DATA RECORDS:
◇ ◇ ◇ ◇
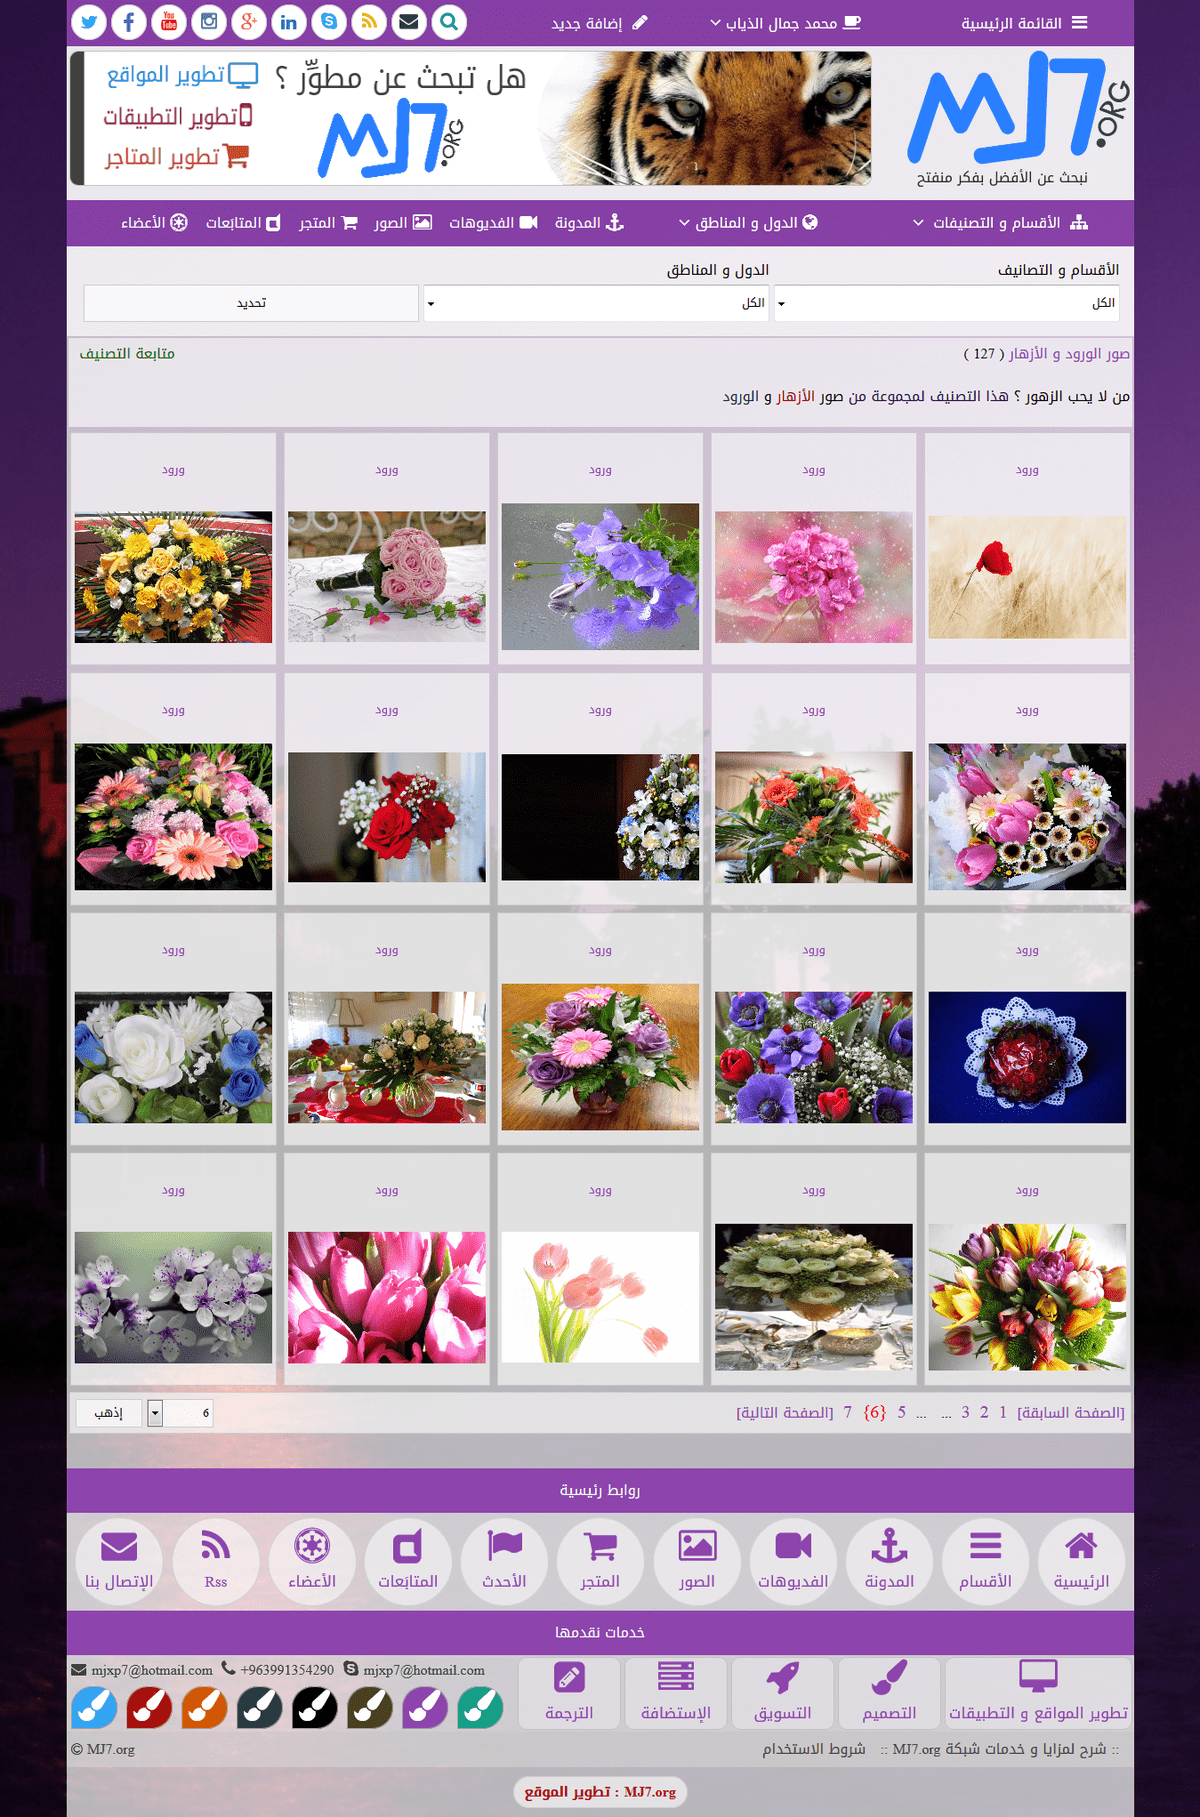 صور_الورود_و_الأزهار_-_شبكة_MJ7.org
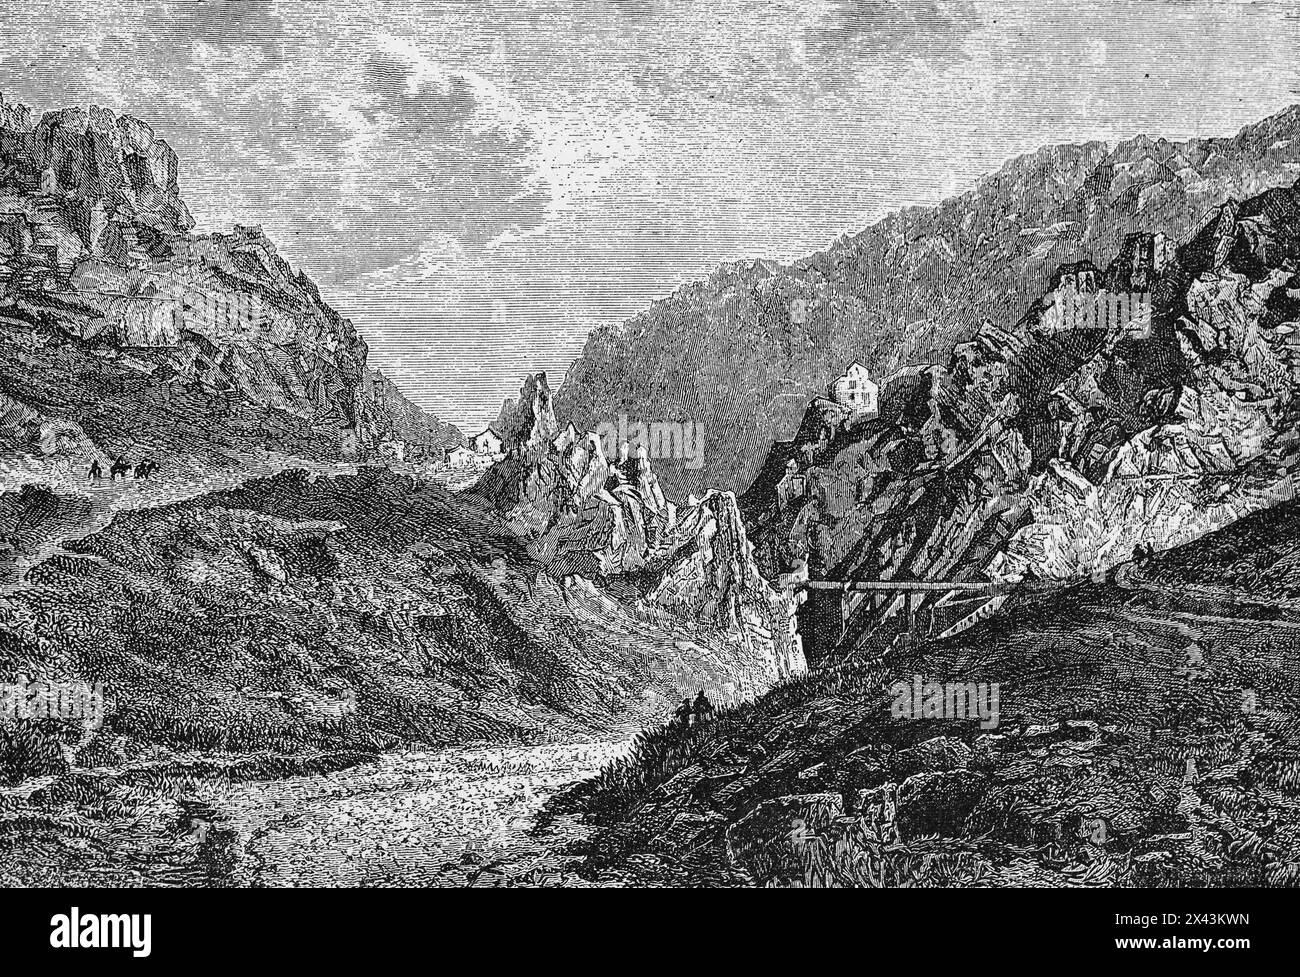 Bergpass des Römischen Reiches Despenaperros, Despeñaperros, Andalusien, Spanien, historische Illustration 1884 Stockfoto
◇ ◇ ◇ ◇
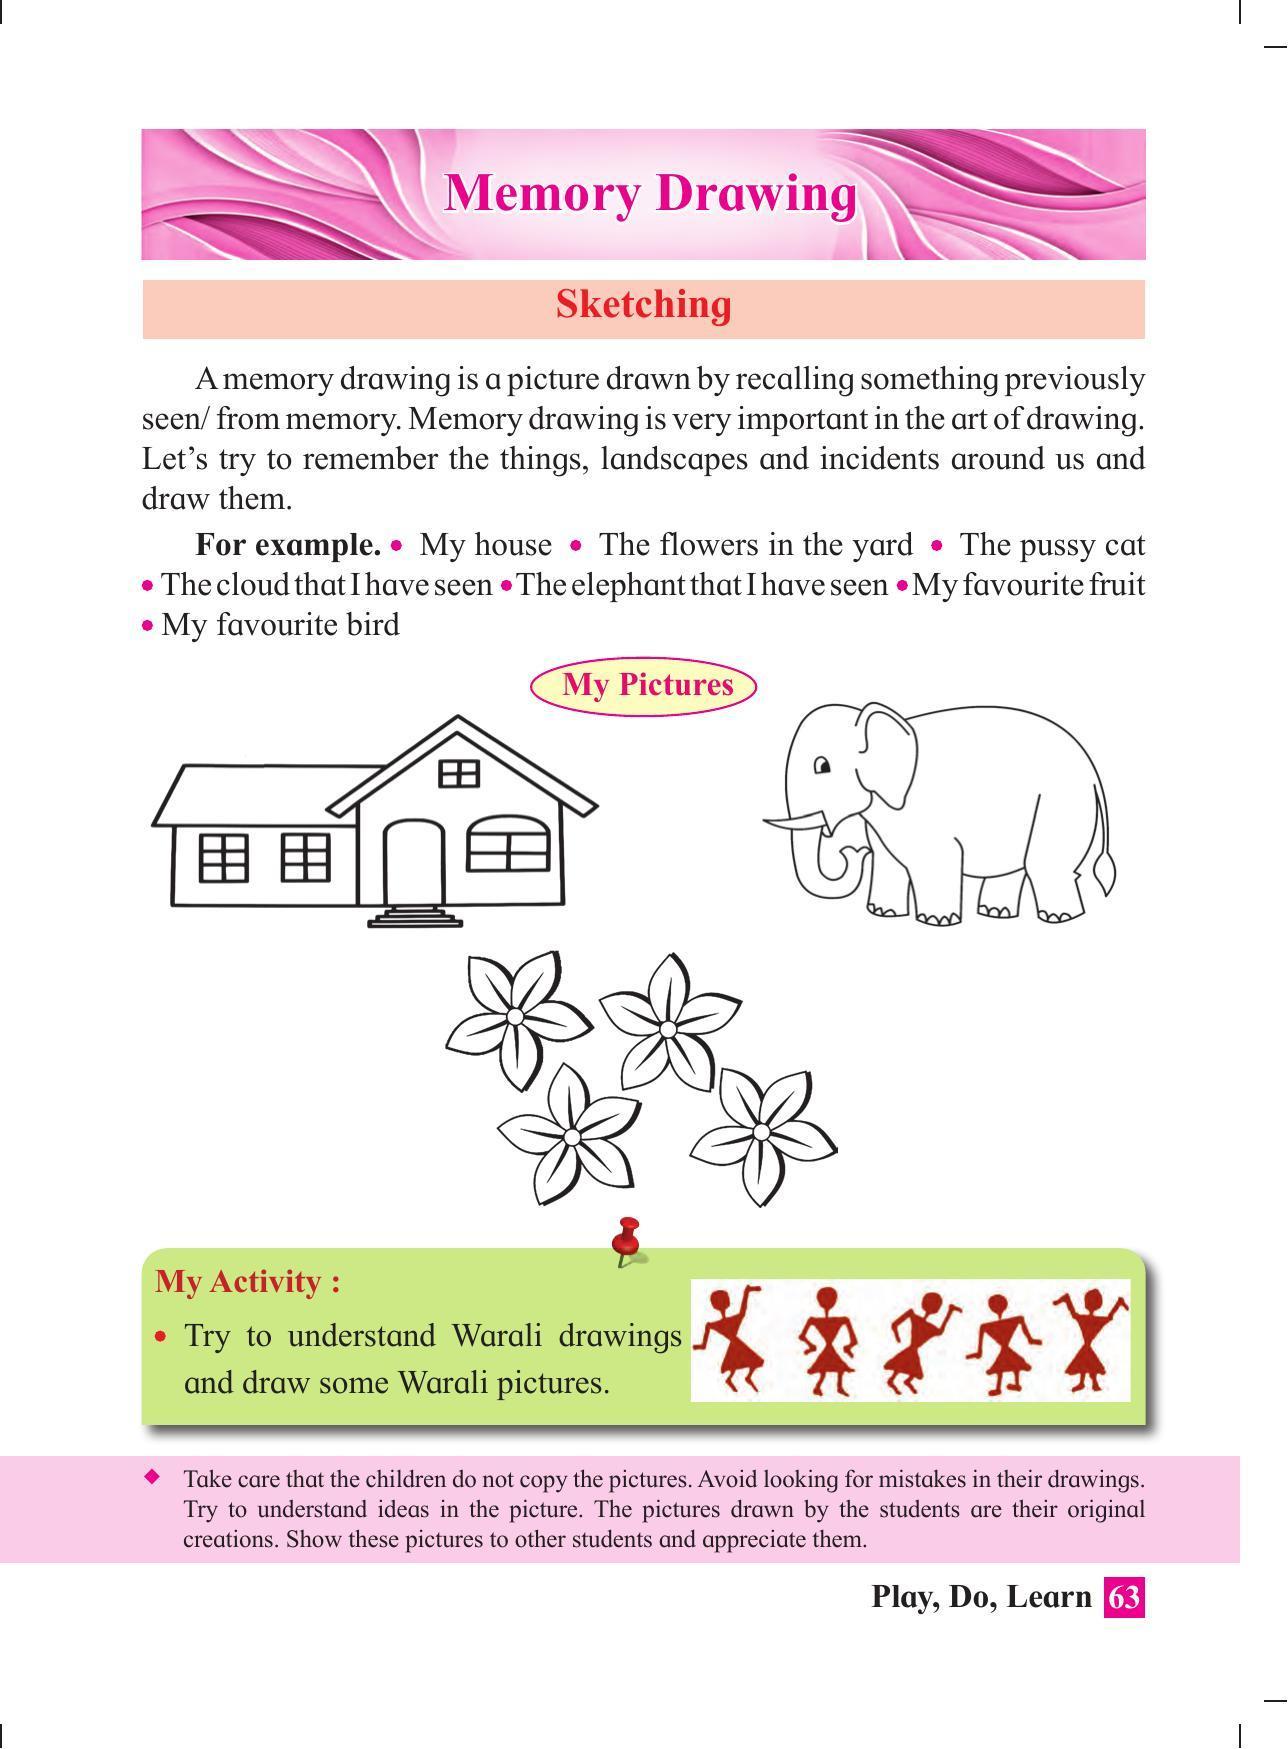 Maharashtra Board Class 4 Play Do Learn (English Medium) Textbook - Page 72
◇ ◇ ◇ ◇
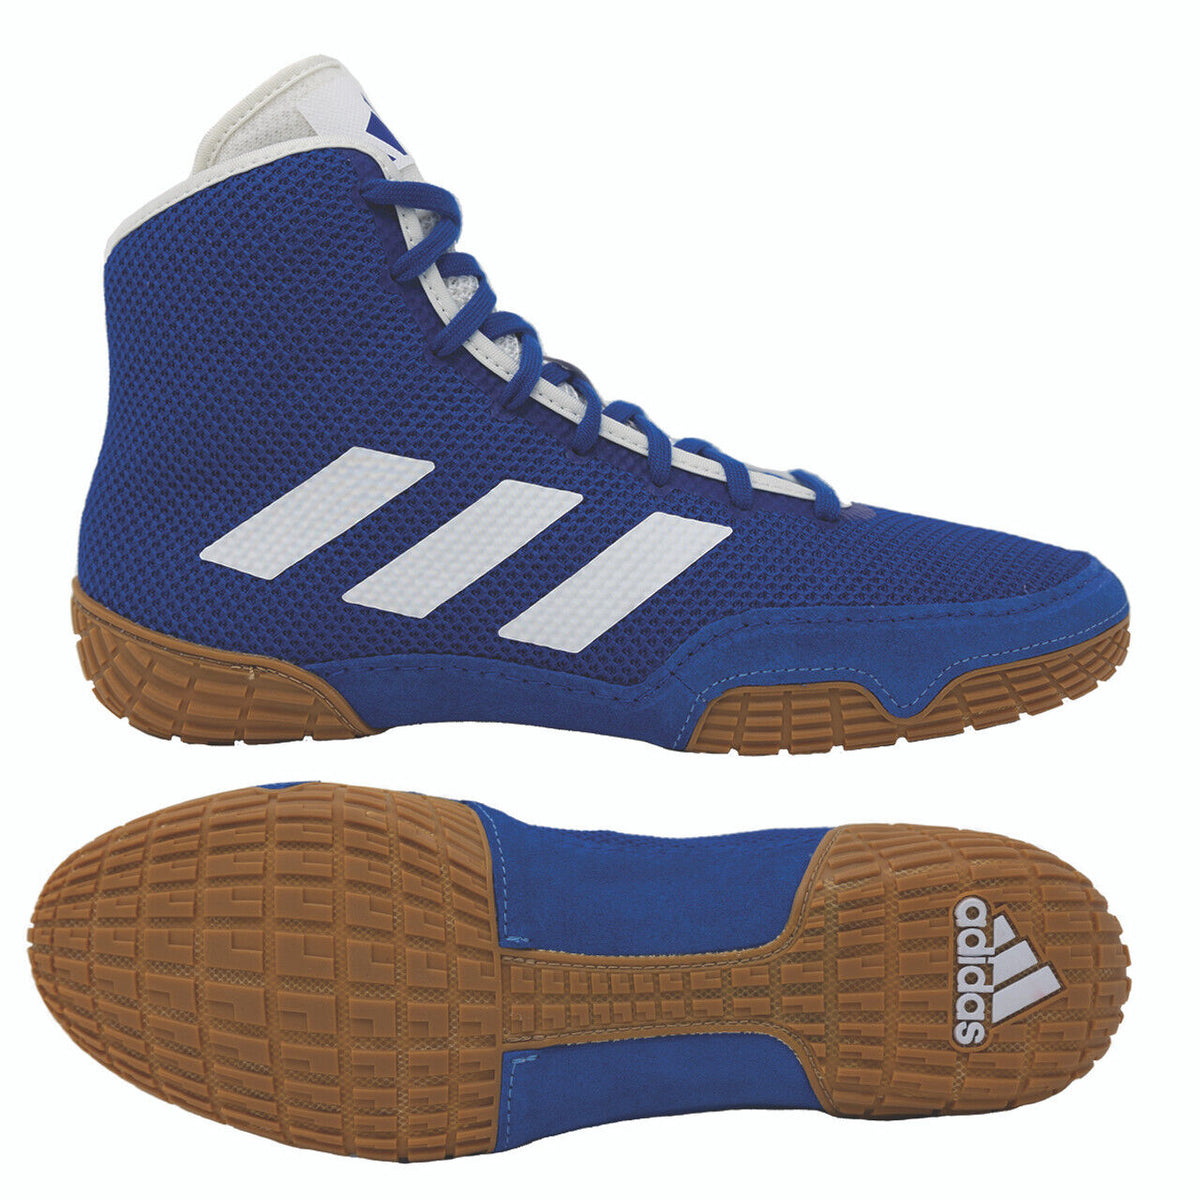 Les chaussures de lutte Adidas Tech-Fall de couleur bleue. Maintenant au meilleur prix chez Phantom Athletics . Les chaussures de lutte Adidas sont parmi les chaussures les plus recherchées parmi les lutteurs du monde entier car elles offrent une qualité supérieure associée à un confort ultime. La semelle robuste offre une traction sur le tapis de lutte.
◇ ◇ ◇ ◇
WORK INSTRUCTION:
Using the entries above, transcribe exactly from the line that has "صور_الورود_و_الأزهار_-_شبكة_MJ7.org" through the line that has "Bergpass des Römischen". Pictures are dropped.

REPLY:
 صور_الورود_و_الأزهار_-_شبكة_MJ7.org
 Bergpass des Römischen Reiches Despenaperros, Despeñaperros, Andalusien, Spanien, historische Illustration 1884 Stockfoto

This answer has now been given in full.